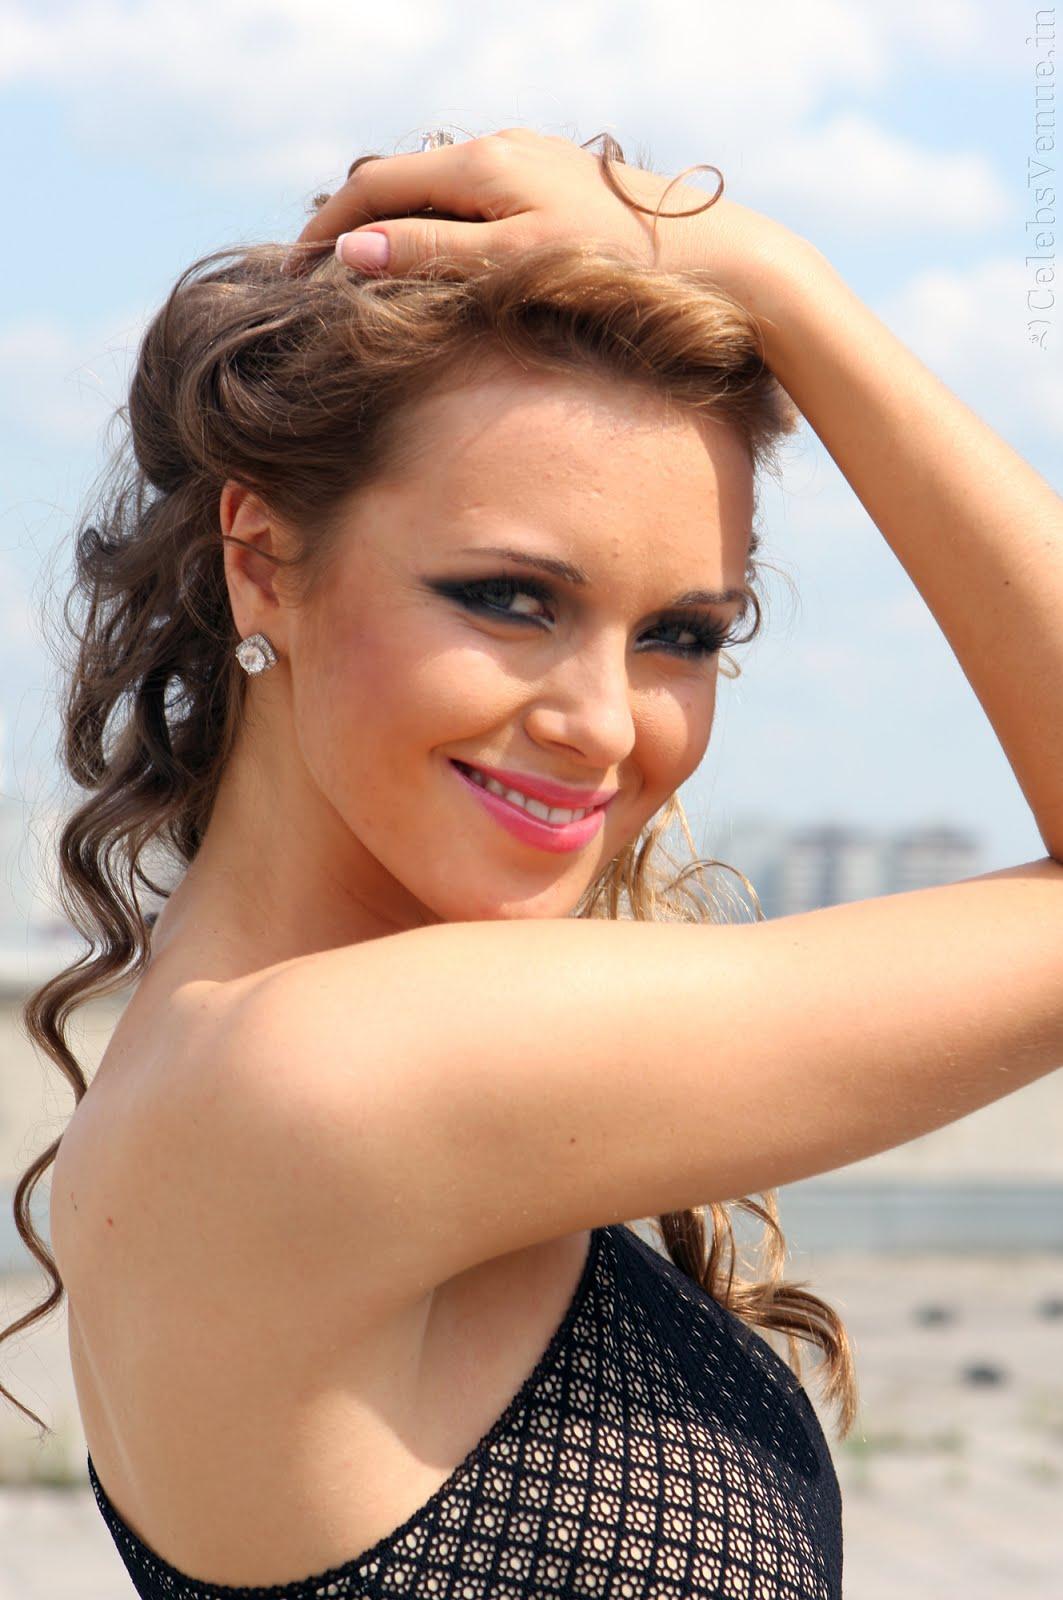 http://3.bp.blogspot.com/-B73zDrbrjV8/UHc3RPHxMYI/AAAAAAAAC3E/CY9Vru5mIFs/s1600/miss-world-2008-russia-ksenia-sukhinova-13.jpg
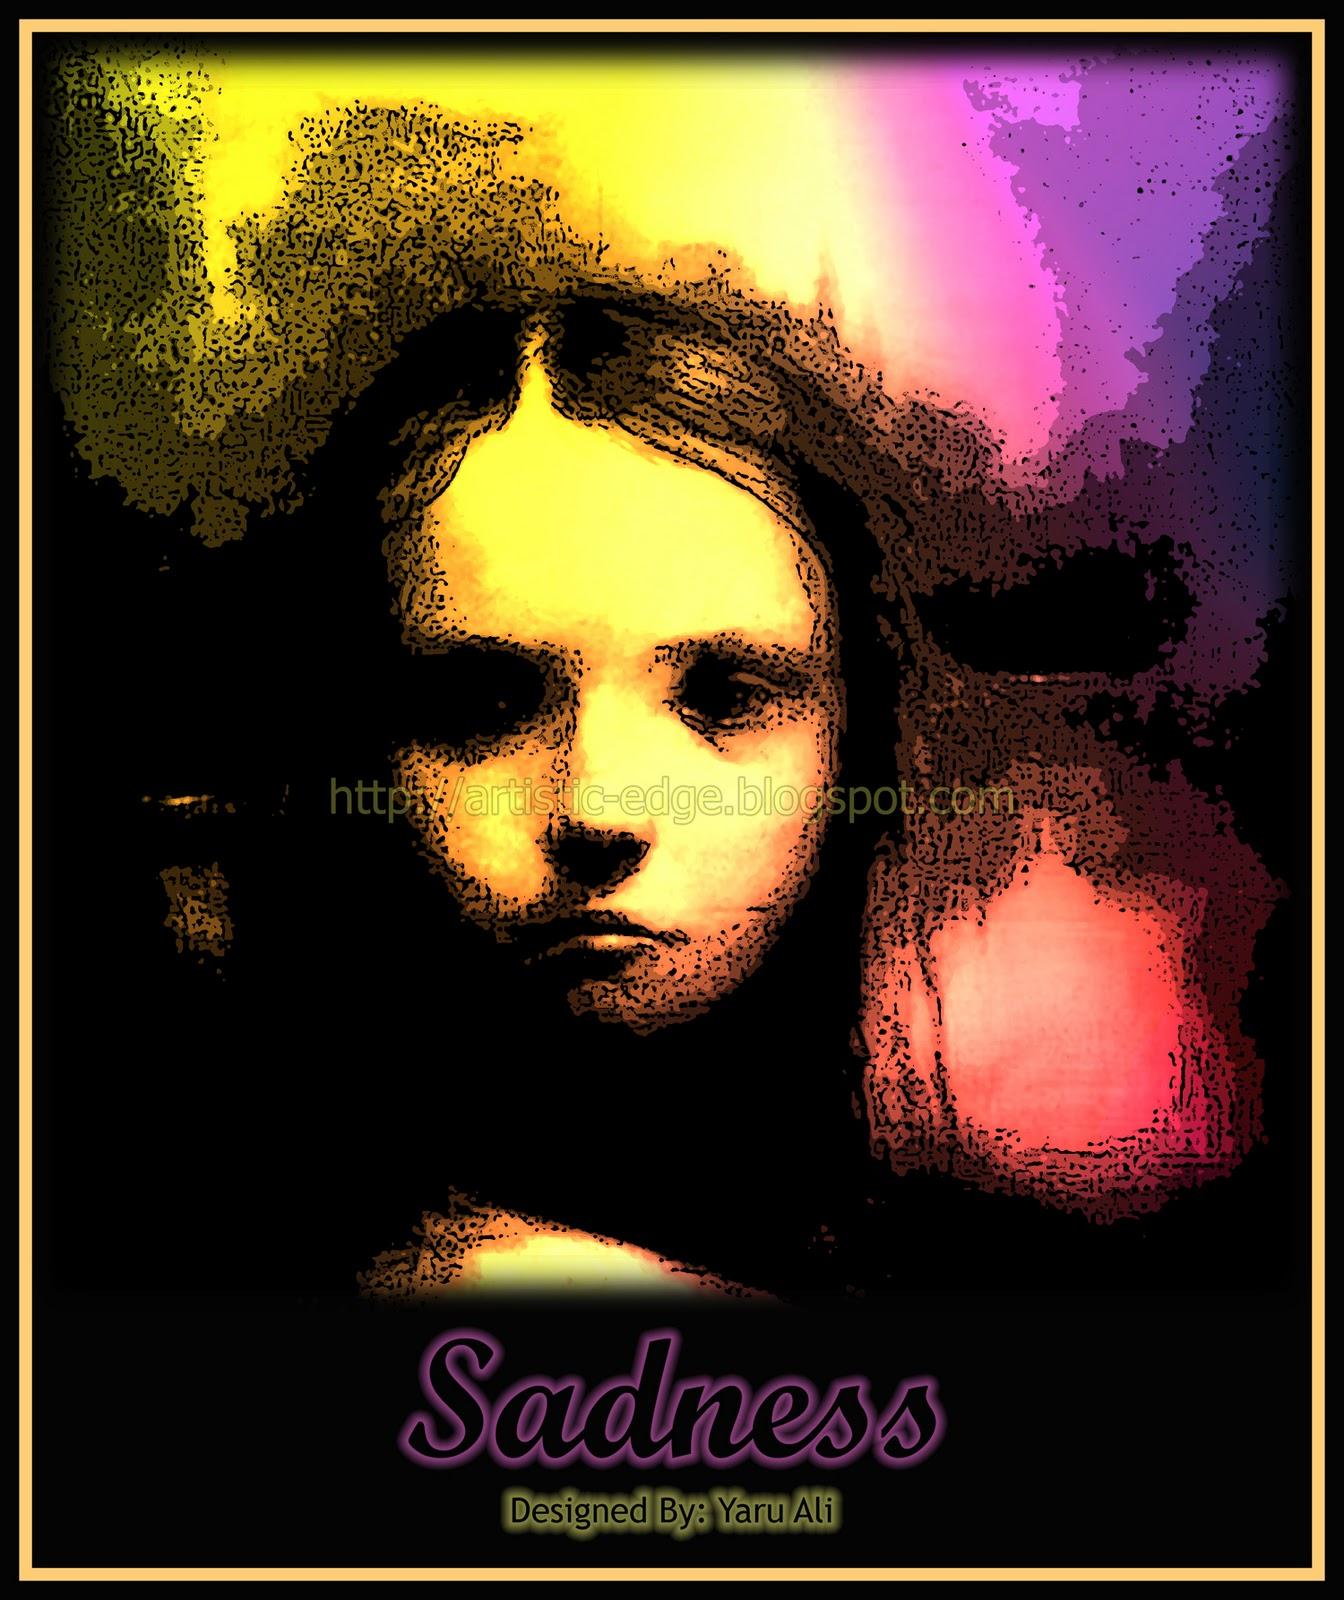 http://4.bp.blogspot.com/-QmXGN9PG6Q8/TZrpF5amrJI/AAAAAAAAAIc/uEonFmjkaKg/s1600/Sadness.jpg
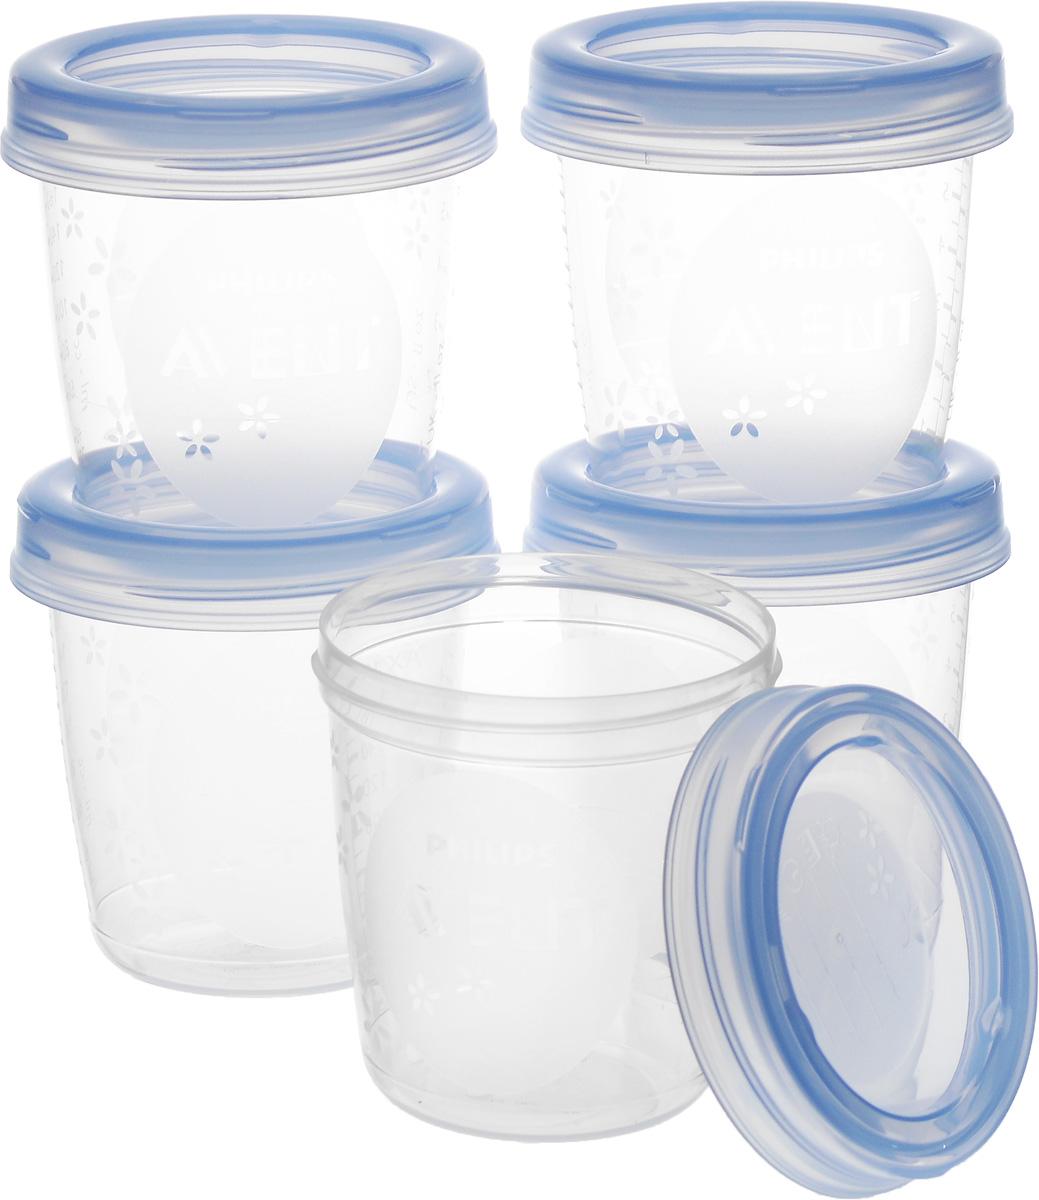 """Набор контейнеров для грудного молока c крышками """"Philips Avent"""" специально разработан для удовлетворения потребностей матери и ребенка. Процесс кормления проходит легко, а ваш ребенок не подвергается воздействию вредных веществ. Грудное молоко имеет огромное значение для развития вашего малыша. Если вы обращаетесь с молоком осторожно, оно сохраняет все природные витамины и питательные вещества, необходимые для ребенка. Именно поэтому так важно подобрать правильный контейнер для хранения вашего молока. Набор включает 5 контейнеров объемом по 180 мл. На контейнерах и крышках можно писать даты, когда молоко было упаковано. Изделия не содержат бисфенол А, изготовлены из безопасного полипропилена."""

**What you need to do**
Retype the whole listing exactly and leave the pictures out.

**Written solution**
 http://3.bp.blogspot.com/-B73zDrbrjV8/UHc3RPHxMYI/AAAAAAAAC3E/CY9Vru5mIFs/s1600/miss-world-2008-russia-ksenia-sukhinova-13.jpg
 http://4.bp.blogspot.com/-QmXGN9PG6Q8/TZrpF5amrJI/AAAAAAAAAIc/uEonFmjkaKg/s1600/Sadness.jpg
 """Набор контейнеров для грудного молока c крышками """"Philips Avent"""" специально разработан для удовлетворения потребностей матери и ребенка. Процесс кормления проходит легко, а ваш ребенок не подвергается воздействию вредных веществ. Грудное молоко имеет огромное значение для развития вашего малыша. Если вы обращаетесь с молоком осторожно, оно сохраняет все природные витамины и питательные вещества, необходимые для ребенка. Именно поэтому так важно подобрать правильный контейнер для хранения вашего молока. Набор включает 5 контейнеров объемом по 180 мл. На контейнерах и крышках можно писать даты, когда молоко было упаковано. Изделия не содержат бисфенол А, изготовлены из безопасного полипропилена."""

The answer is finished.